Entering the Era of "LLM Contamination"

2024-04-03

Everyone is building LLM. Whether closed or open, there are far more language models on the market than there are extensions and applications developed based on these models. Some are small in scale, while others are large, but only a few companies are able to develop something meaningful from them.


Undeniably, this is also an important matter. Many extensions born from open language models only add language functionality or improve speed on a small scale. While this is a noble task, it does not truly impact the adoption of these models.


These models vary in size, ranging from moderate to huge. However, despite their large numbers, only a few companies are able to effectively translate them into practical applications.

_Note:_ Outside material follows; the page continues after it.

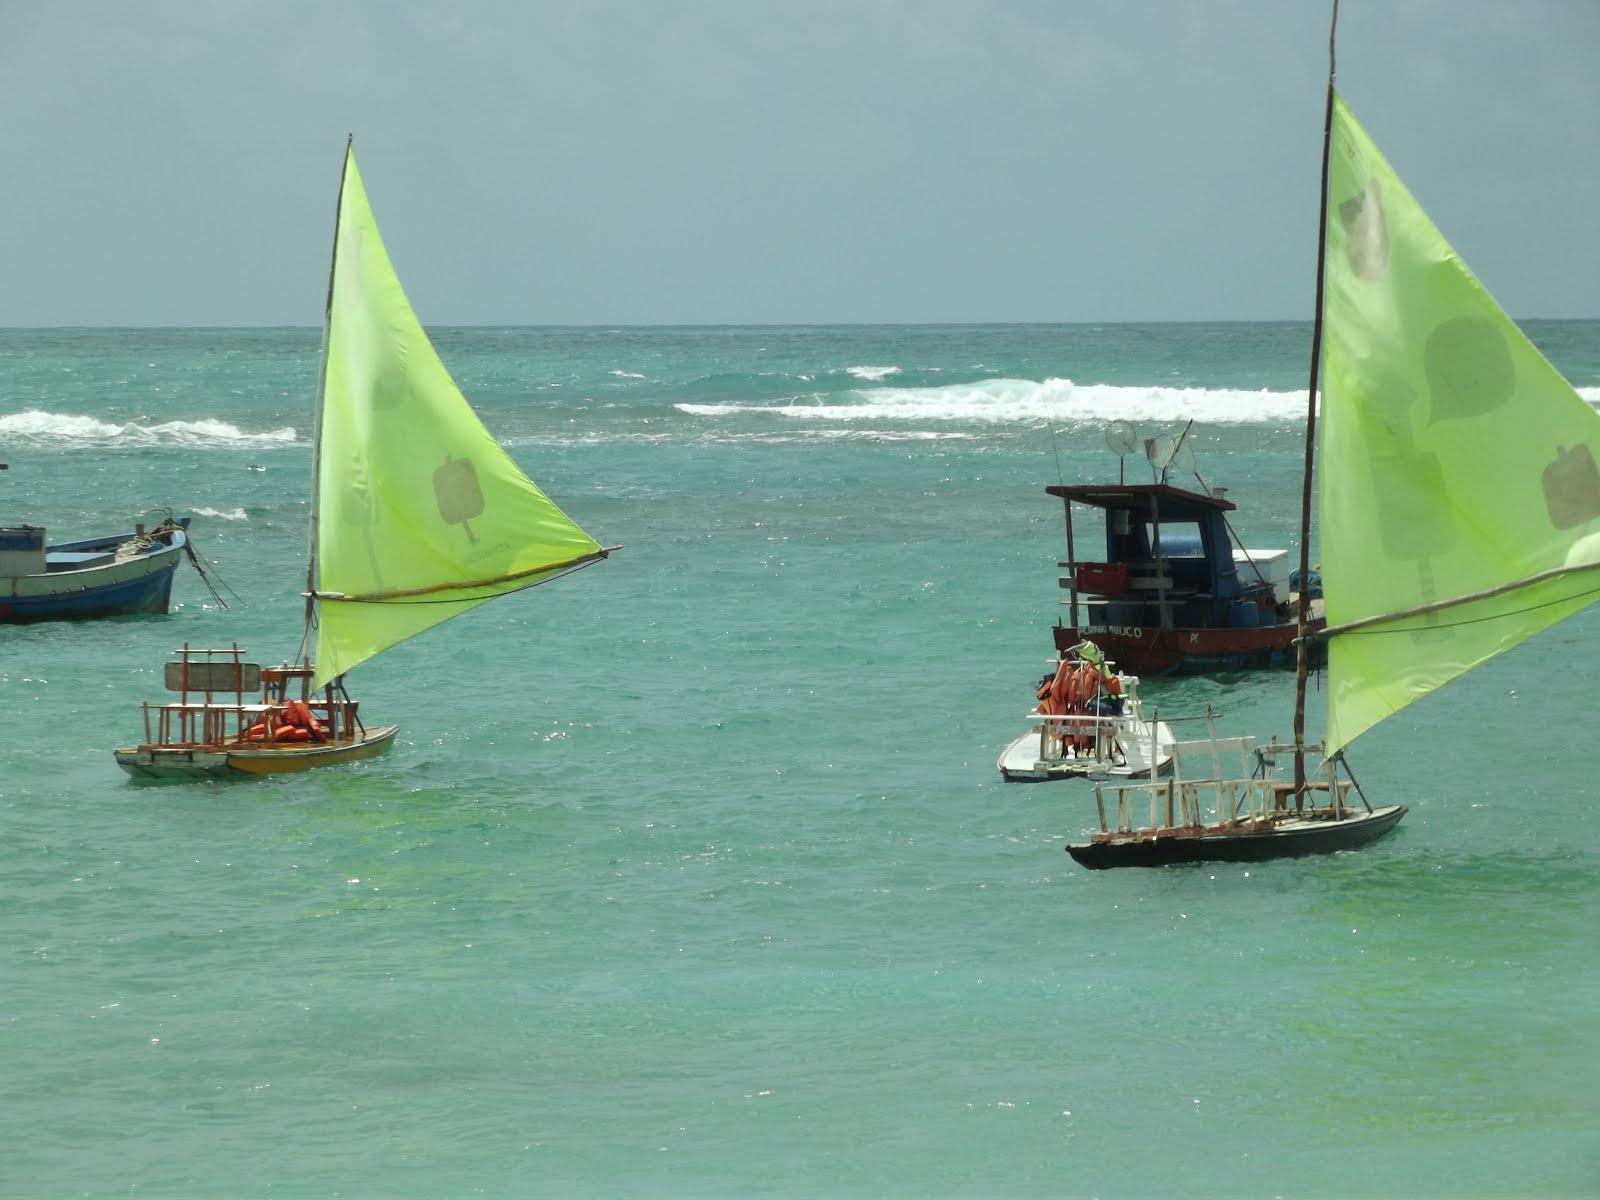 Paisagem marítima

Indeed, the surge of LLM represents an important milestone in the development of artificial intelligence. However, the number of models produced far exceeds the development speed of meaningful extensions and practical applications. Although these efforts are commendable, they do not address the core issue of widespread adoption of LLM.


Is it a waste of time?


For example, on the Hugging Face leaderboard, there are thousands of language models. Whenever a new model is released, people start tinkering with it, testing its capabilities, and benchmarking it for their use cases, and then move on to the next one. The next day, this cycle repeats with the latest model.


Falcon is one of the largest open-source language models, and it received a lot of testing and appreciation from developers upon its release. However, after testing its capabilities, people found that even the smaller-scale Meta's Llama 2 performed better. The same situation occurred with Mistral's new model and OpenAI's GPT-2, despite the latter being around for years.

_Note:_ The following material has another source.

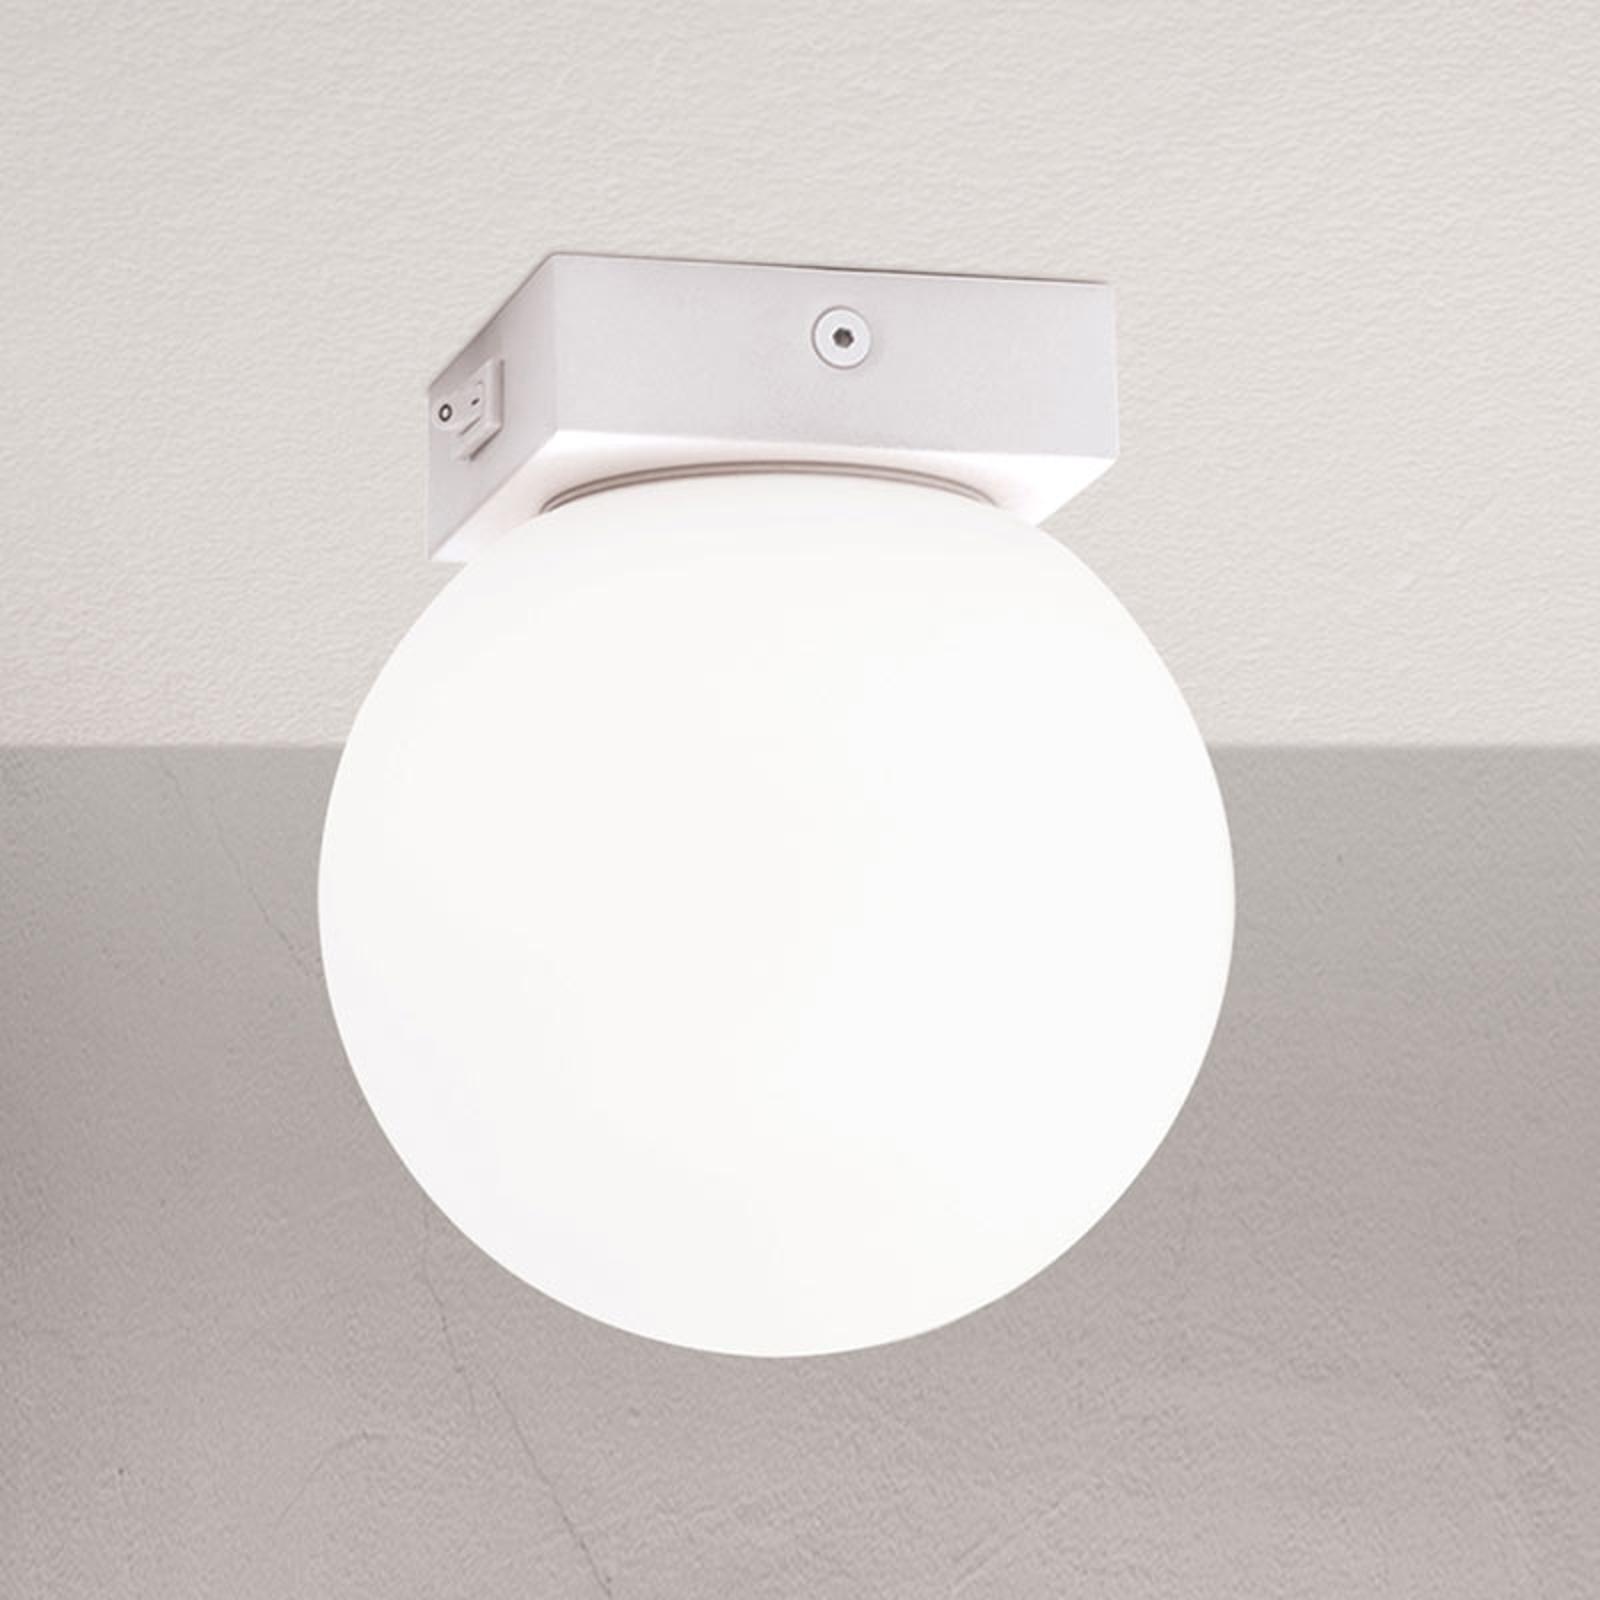 LED-kattovalaisin Snowball katkaisijalla

Speaking of Falcon, it does exist, but people rarely use it. No significant applications are built on it. However, as the organization behind this language model, TII may develop another AI model and hope it ranks high on the leaderboard.


Undoubtedly, this is the way of competition. Databricks' new AI model DBRX currently outperforms all other models on the market and at a lower price. Given its capabilities, enterprises are ready to adopt it. When Meta releases Llama 3, this hype will undoubtedly reappear. There will be more choices, but people will also forget about Llama 2.


Today, this phenomenon of base language models flooding without any innovation is called "LLM pollution". The surplus of LLM not only fails to promote the development of innovative or transformative applications but may also result in the field being filled with redundant or underutilized models.


What should be done next?


Databricks' VP of Generative AI, Naveen Rao, said that most foundational model companies will fail. "You have to do better than them (OpenAI). If you can't, and the cost of switching is low enough, why would you use someone else's model? So, unless you can beat them, just trying to be ahead doesn't make sense," he added.


Rao also stated that everyone has their own opinions, but many people just build models and call it a victory. "Wow! You built a model. Great," he joked. But he believes that without differentiation or problem-solving capabilities, it won't work.


Rao said, "Just because you say you can do it and build a technology doesn't really prove that you can solve the problem."


Investing billions of dollars into the next GPT may create an outstanding model for OpenAI, but the billions of dollars used to build GPT-4 may go to waste. People may use it for a while, but it will soon become the next GPT-2. Accelerating AI development is important, but at the same time, it is necessary to measure its positive and negative impact on adoption.


Currently, there is an urgent need to pay more attention to the role of LLM in practical applications and real-world problem-solving. In addition to focusing on the technical capabilities of language models, attention should also be given to their practical utility and social impact.


Companies certainly won't all use the same LLM, and we do need more choices. But before building a bunch of models in different languages, it is also necessary to clarify the exact use cases for these models. The era of "LLM pollution" has arrived. There will be a large number of LLMs that are ignored, once ranked at the top of the leaderboard, now silently piling up.